Secondo le statistica dei maggiori siti di turismo, ad oggi il 25% del paese è classificato come area nazionale protetta, cosa che attira milioni di turisti all’anno per camminare nella rainforest o vedere le covate di tartarughe. Inoltre, grazie all’energia idroelettrica e geotermale, il Costa Rica sarà presto in grado di produrre elettricità completamente sostenibile.

“Rispettare la natura è un valore altrettanto importante di democrazia, pace e diritti umani” insiste Rodriguez. Ma non è tutto oro (in questo caso verde) quel che luccica.

Perché gli abitanti del paese con l’indice di felicità più alto del mondo avrebbero dovuto scatenare cortei di protesta? Come fa il governo di un paese appartenente al terzo mondo a sostenere in modo così favoloso la sua economia, una delle migliori dell’America Centrale?

I paradossi non mancano. Dietro al maggiore produttore di frutta tropicale al mondo, c’è un velo scuro che copre piantagioni intensive che danneggiano sia il territorio che le persone.

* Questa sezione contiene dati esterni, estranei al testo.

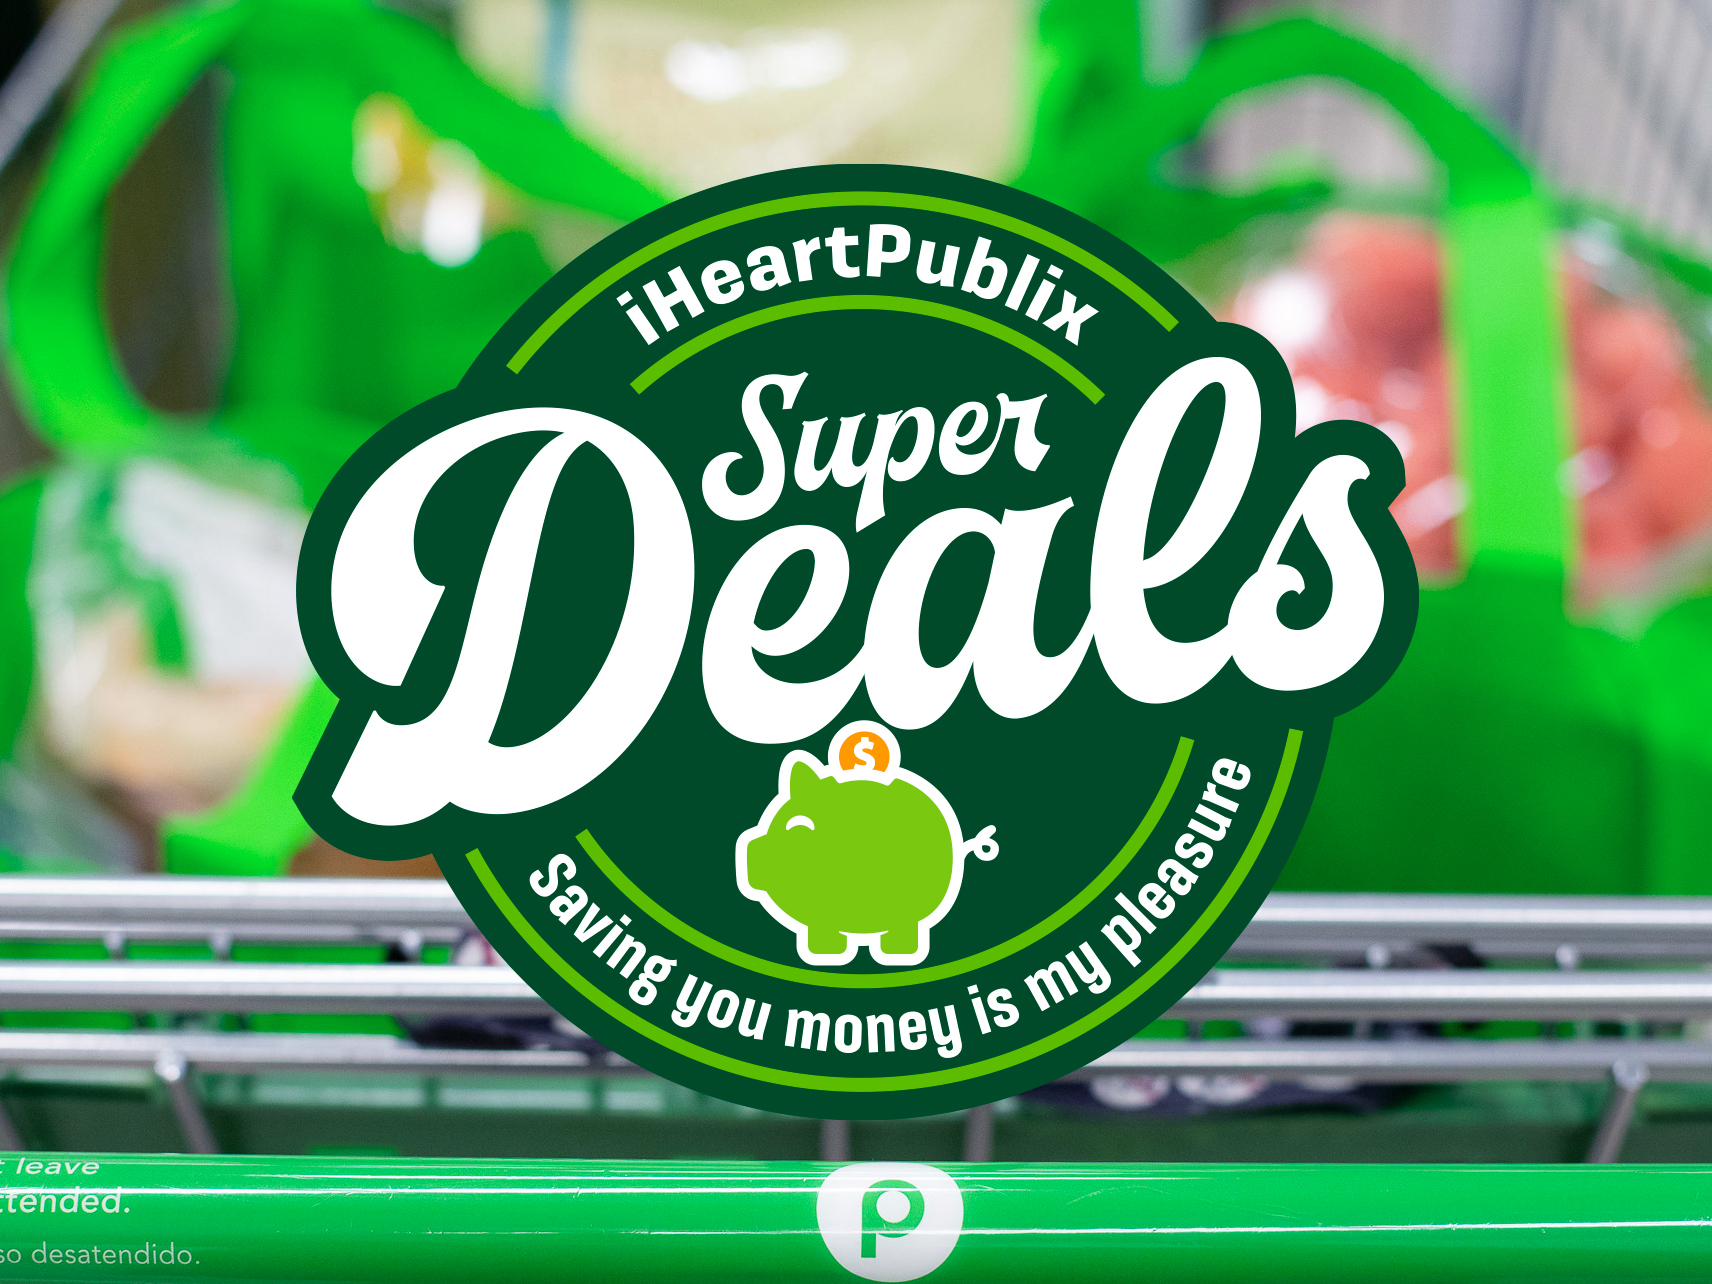 Publix Super Deals Week Of 2/2 to 2/8 (2/1 to 2/7 For Some) - iHeartPublix

Il Paese che si vanta della più grande biodiversità sulla Terra è anche il paese che usa più pesticidi chimici per metro quadro al mondo (circa 20 kg per ettaro). Secondo gli studi della Fecon (la Federazione costaricana per la conservazione della natura), la proporzione sale per i prodotti più esportati: 70 kg per le banane, 45 kg per gli ananas e 7 kg per il caffè.

La situazione peggiore è nelle piantagioni di banane dove vengono usate sostanze come bromacil e ametrina (banditi da molto tempo in Europa), producendo effetti terribili sulla terra e sui lavoratori.

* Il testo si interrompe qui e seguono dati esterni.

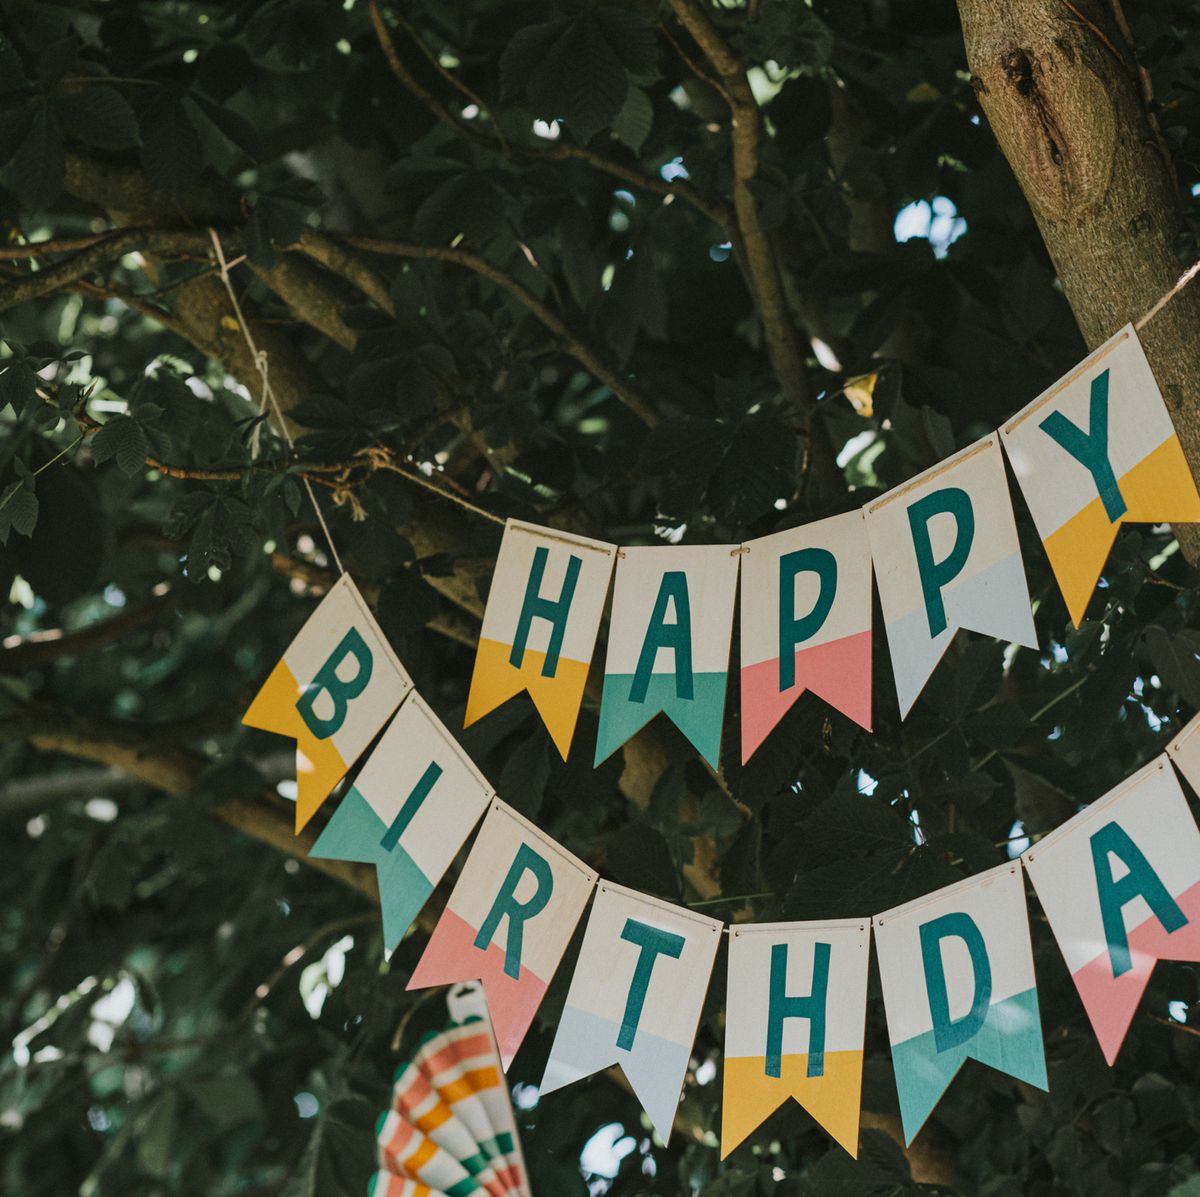 https://hips.hearstapps.com/hmg-prod/images/happy-birthday-banner-hangs-from-a-tree-royalty-free-image-1657296329.jpg?crop=0.668xw:1.00xh;0.276xw,0&resize=1200:*

“La produzione monocultura, praticata soprattutto al nord, impoverisce la terra rendendo l’intera area più soggetta deforestazione, perdita della biodiversità, erosione e diffusione di malattie legate alle mosche e alle zanzare” sostiene Mauricio Alvarez, basandosi sugli studi de la Universidad de Costa Rica.

Stando alle statistiche della Costa Rican Conservation Federation la produzione di ananas ha già distrutto 5560 ettari di foresta tra il 2000 e il 2015, una proporzione altissima se si pensa che il Costa Rica ha le dimensioni della Svizzera.

Nel paese che più tiene alla pace e all’ecologia, molte persone non hanno accesso all’acqua potabile e riscontrano malattie legate ad essa che non possono curare per mancanza di assicurazione e per gli stipendi troppo bassi.

In più, gli animali muoiono per le epidemie portate dagli insetti senza che gli allevatori possano farci niente e questo ha un effetto diretto sulle famiglie che basano la loro vita su questi prodotti.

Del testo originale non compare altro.